**EXERCISE REQUIREMENTS:** Reproduce the listing in full, exactly as written, but without images.

**INPUT DATA:**

'''

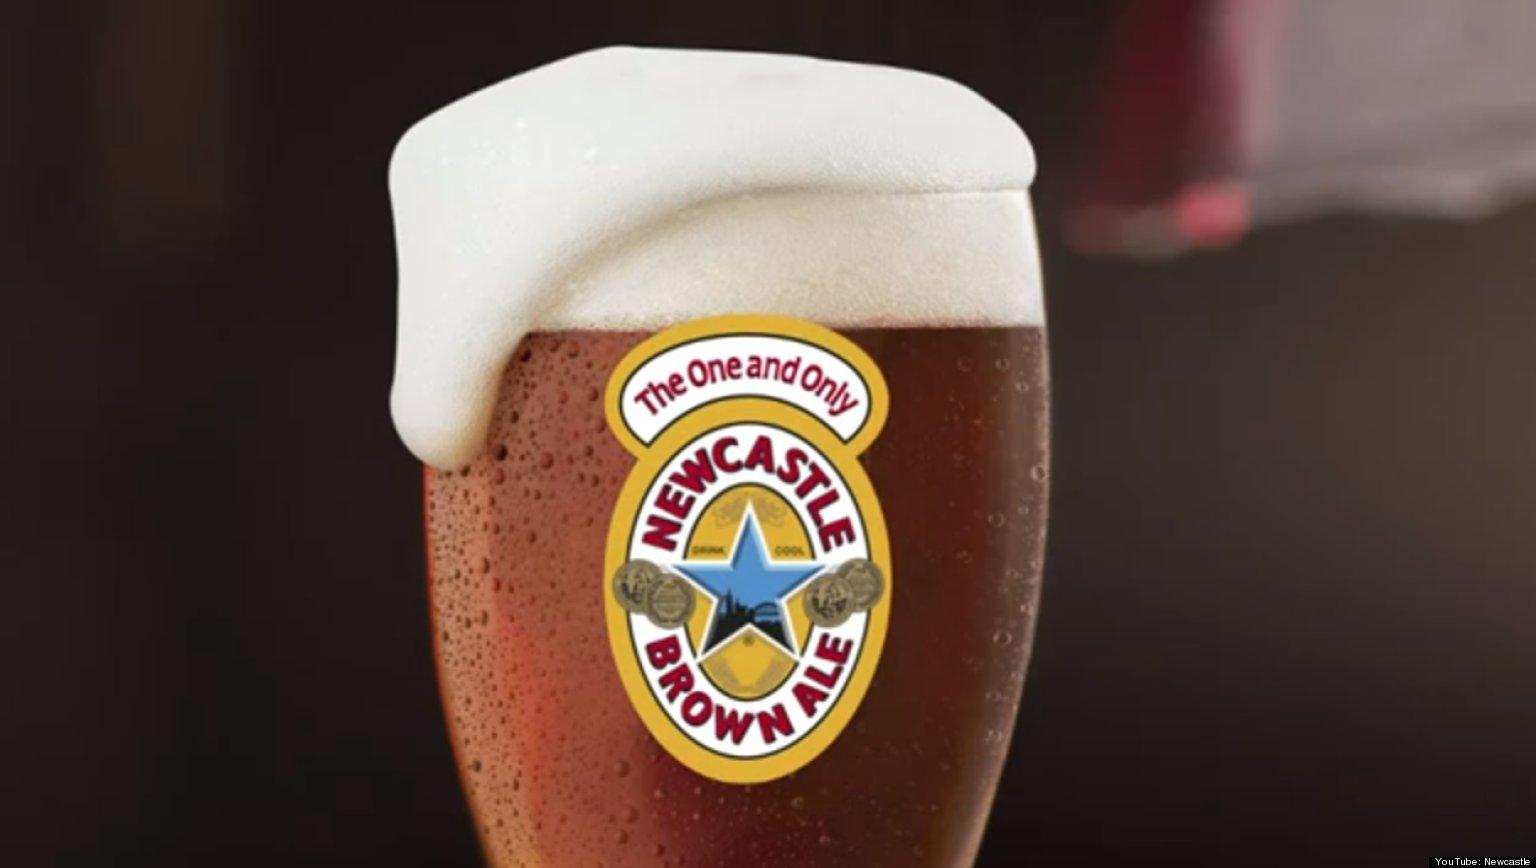 Newcastle busca a otras marcas para compartir gastos para un anuncio en el Super Bowl
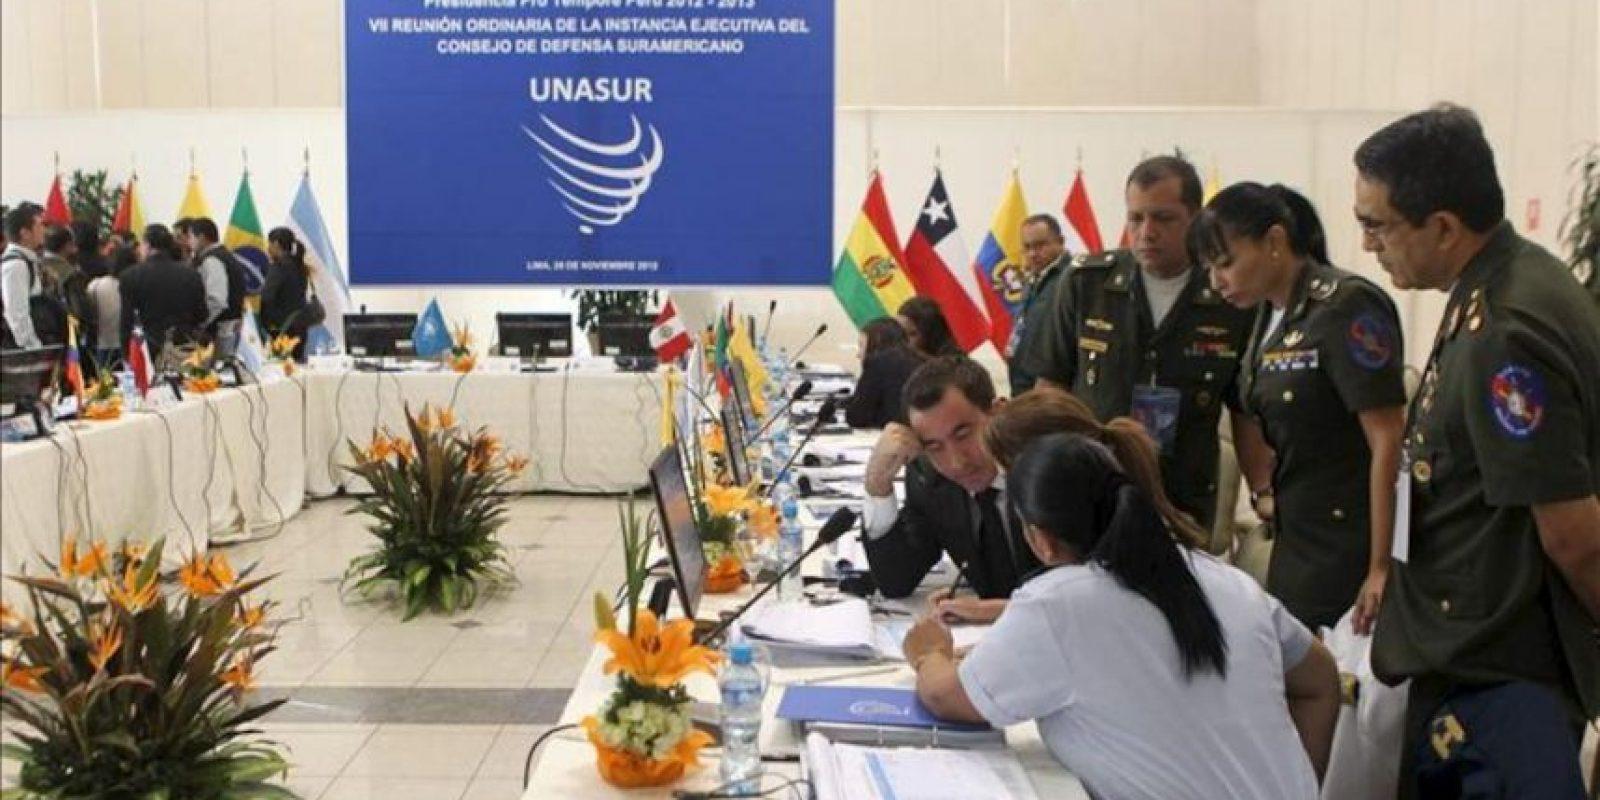 El Consejo de Defensa Suramericano (CDS) de la Unión de Naciones Suramericanas (Unasur) reunido en Lima, para debatir una serie de medidas para fortalecer al sector y aprobar su Plan de Acción de 2013. EFE
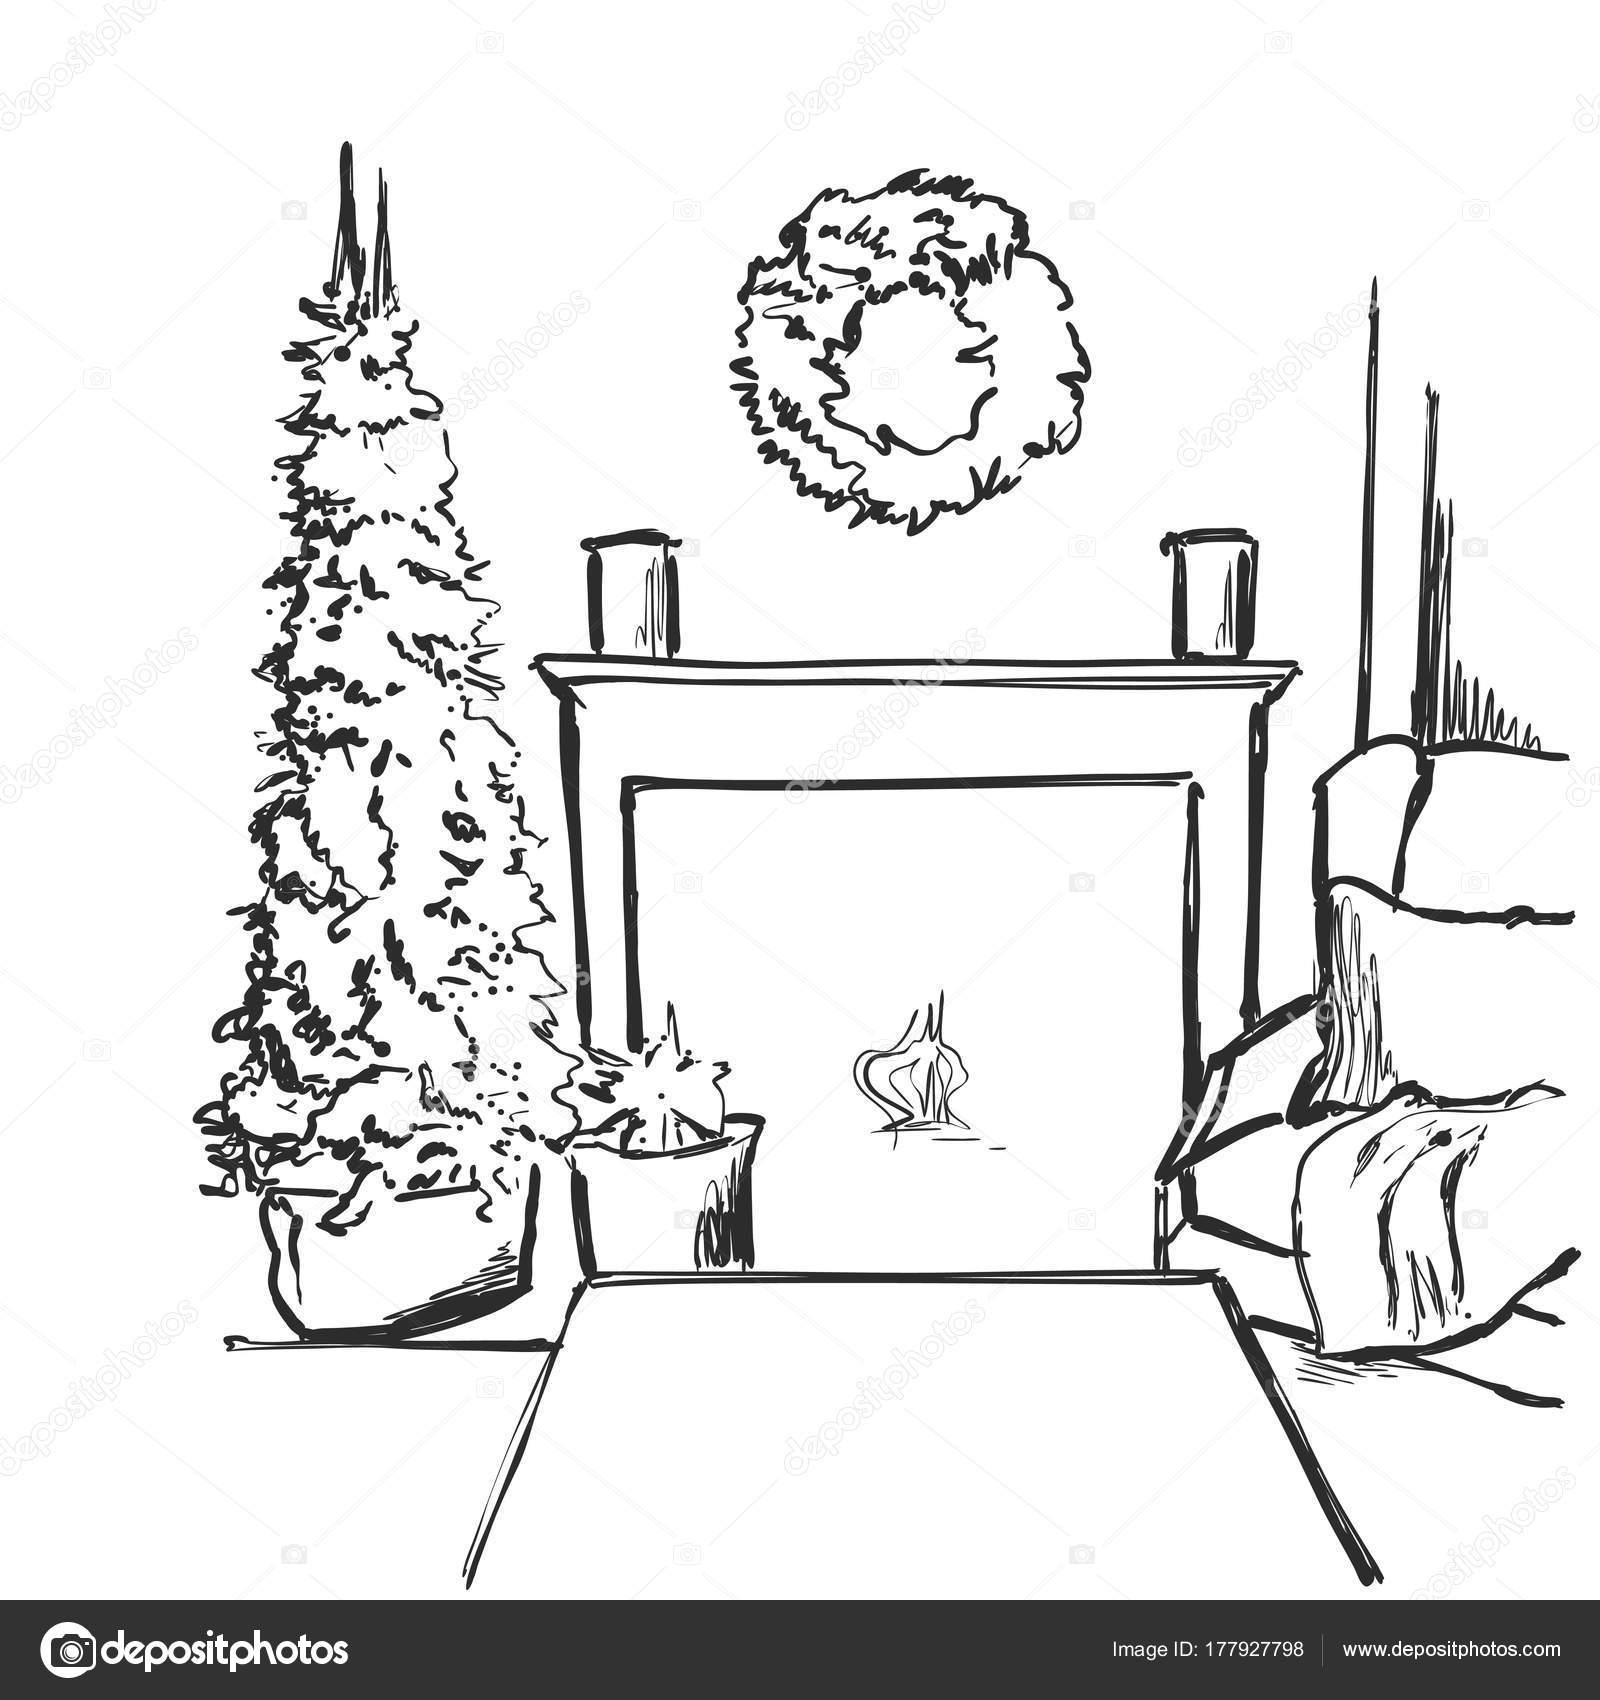 Dibujos Chimenea Navidad Dibujo Dibujo Vector Ilustracion - Postales-navidad-dibujos
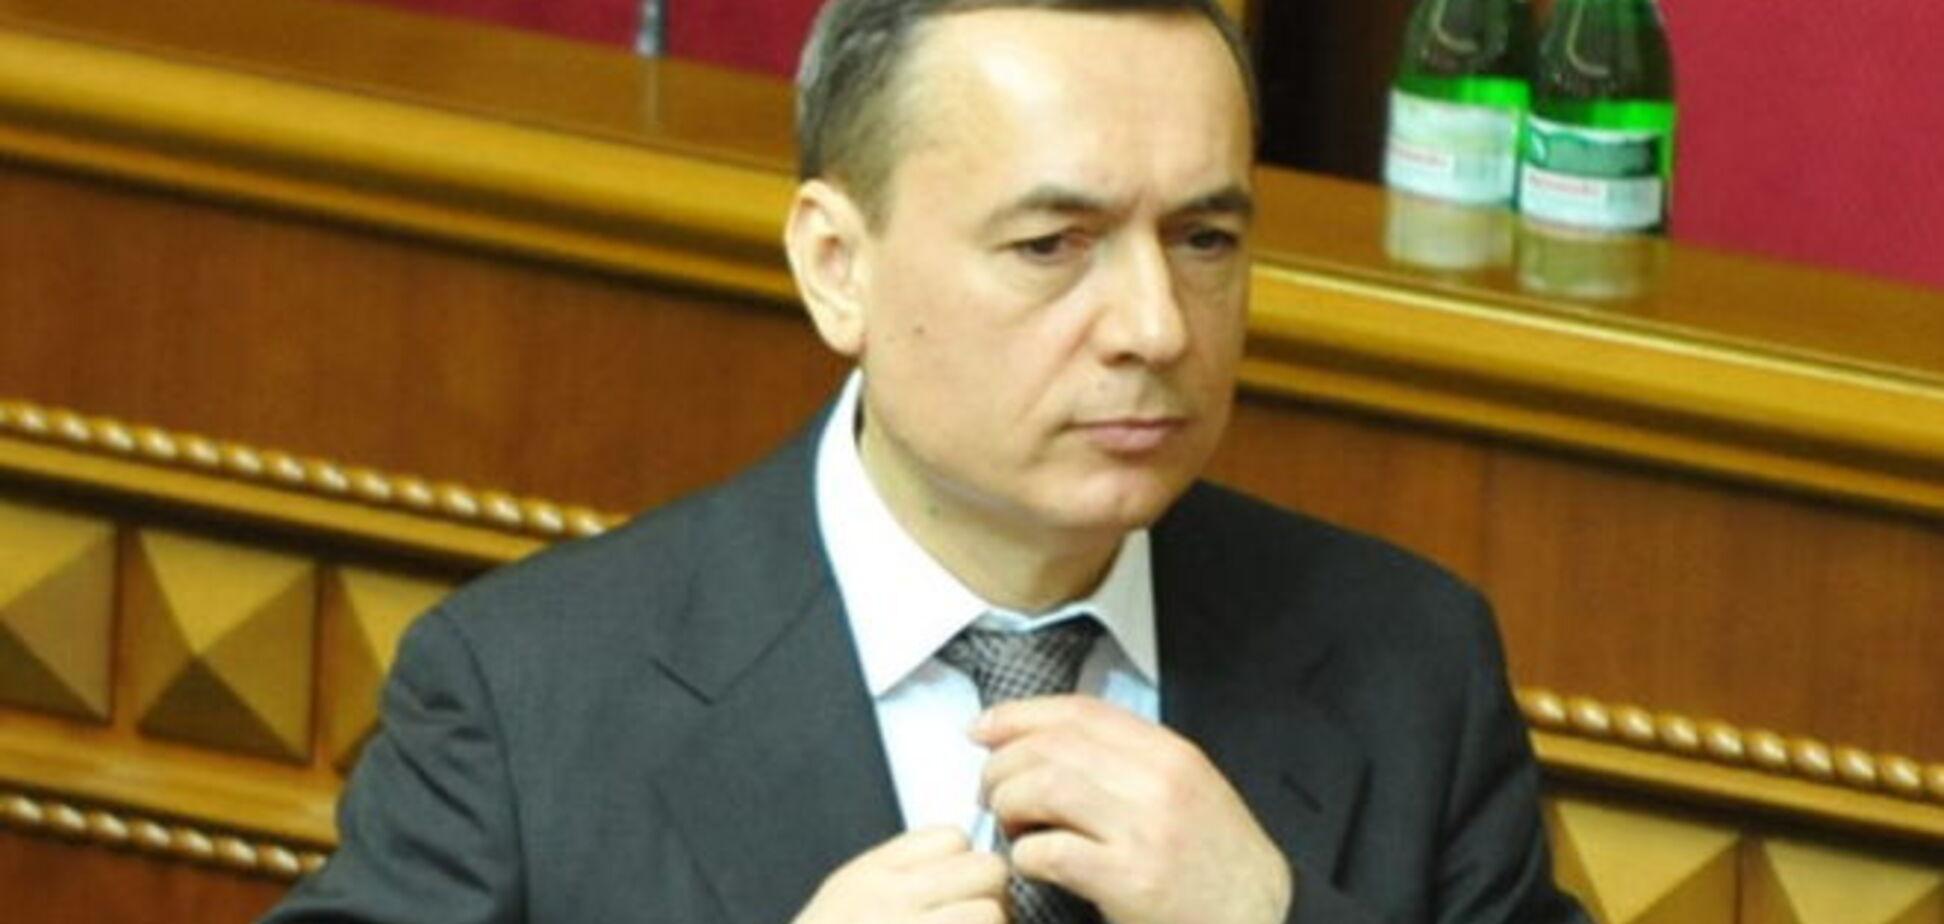 'Народный фронтовик' Николай Мартыненко наживается на закупке лекарств?

'''

**ANSWER BOX:**
 Newcastle busca a otras marcas para compartir gastos para un anuncio en el Super Bowl
 El Consejo de Defensa Suramericano (CDS) de la Unión de Naciones Suramericanas (Unasur) reunido en Lima, para debatir una serie de medidas para fortalecer al sector y aprobar su Plan de Acción de 2013. EFE
 Dibujos Chimenea Navidad Dibujo Dibujo Vector Ilustracion - Postales-navidad-dibujos
 'Народный фронтовик' Николай Мартыненко наживается на закупке лекарств?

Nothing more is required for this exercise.